Consumer Pulse
- Sri Lankan
street vendors
respond to the
rise of the
experience
economy
Neomal Marambe

The last great economic shift from an industrial to a service economy gave birth to the concept of ‘customer service’. This was the wrapping around the traditional commoditised offerings for a long time as a way to sell better and make a difference in the lives of the consumer.

Experiences were always considered a micro element of service which worked well in the era of ‘customer service.’
Now, with the rise of the Millennials and Gen Z, there is a fundamental shift in consumer values towards experiences over consumption.

Today, we are in the middle of an emerging experience economy. Gone are the days that experiences were only curtailed to the entertainment & travel industry. Instead, consumers are eager to step out of their comfort zone to savour & embrace new experiences across different categories. The new-age human experiences are reshaping how brands engage with their audiences.

We have seen premium brands fuelling the expectations of the experience-consumer delivering value beyond the functional and traditional customer service, but as the experience economy unfolds, we are starting to see that even smaller grass root level shops have started staging experiences that garner the attention of those in the vicinity.

The new experiential aspects they add to their offerings are completely different from a mere advancement of customer service, but giving the customer a memorable and a social media worthy experience.
Ice cream Kottu - this rendition is with a fusion of different ice creams. Two metal spatulas are used to mix and cut the ingredients on an ice grille and this is often done with a rhythm, similar to the famous Kottu Roti in Sri Lanka.A roadside corn seller attempting to create a unique experience amidst the urban hustle and bustle. He does so by planting corn plants around the stall and by having an on the spot BBQ for the corn at the customers request. 

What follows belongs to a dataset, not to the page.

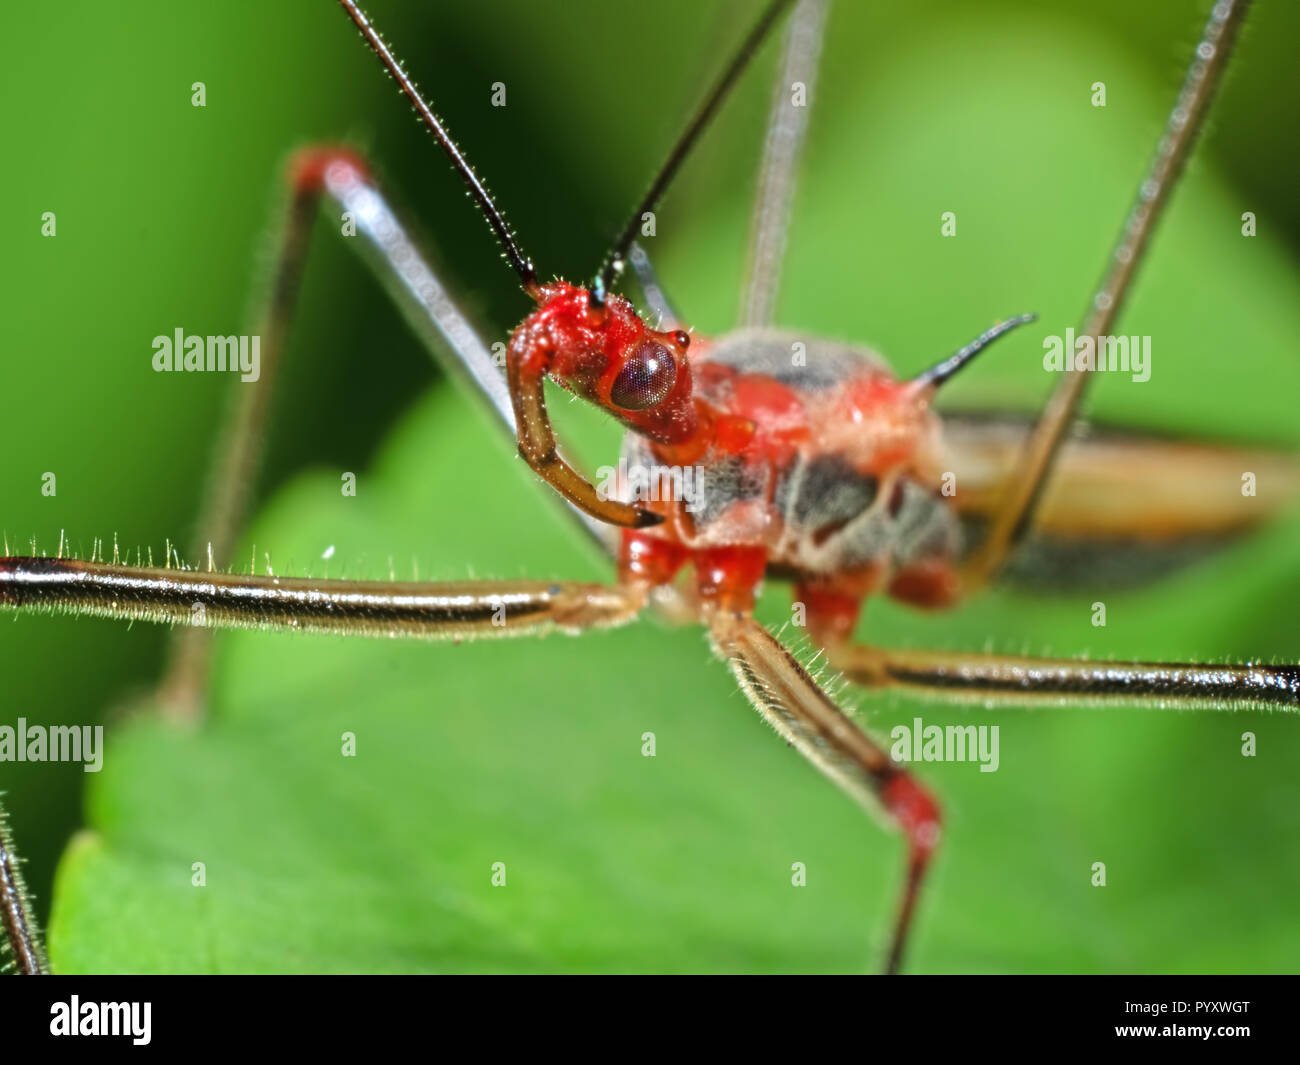 Macro Photography of Head of Assassin Bug on Green Leaf Stock Photo

A store that sells porridge has arranged seating for its customers in a manner that they are surrounded by greenery. One can sit in front of the waterlily pond and enjoy their herbal porridge amidst the beauty of Mother Nature. They call the particular space ‘medicinal garden’ rather than a porridge stall.


Customers no longer only look at the mere functionality of a brand, instead, they seek experiences in every aspect of a brand’s ecosystem. Memorable brand experience creates a positive, personalised, and lasting imprint in their mind, helping to create a much deeper relationship that will keep them coming back.

None of this information should surprise you, but what does this mean for brands today? The key questions revolve around when and how to enter the experience economy.

• How should we identify a unique opportunity space to create the next memorable, ‘shareable’ and influential in-person experience?

• How can we leverage this theme around our category, consumer segments, and brand value system?

• What are the steps that we need to take today to engage with the experience consumer of the future?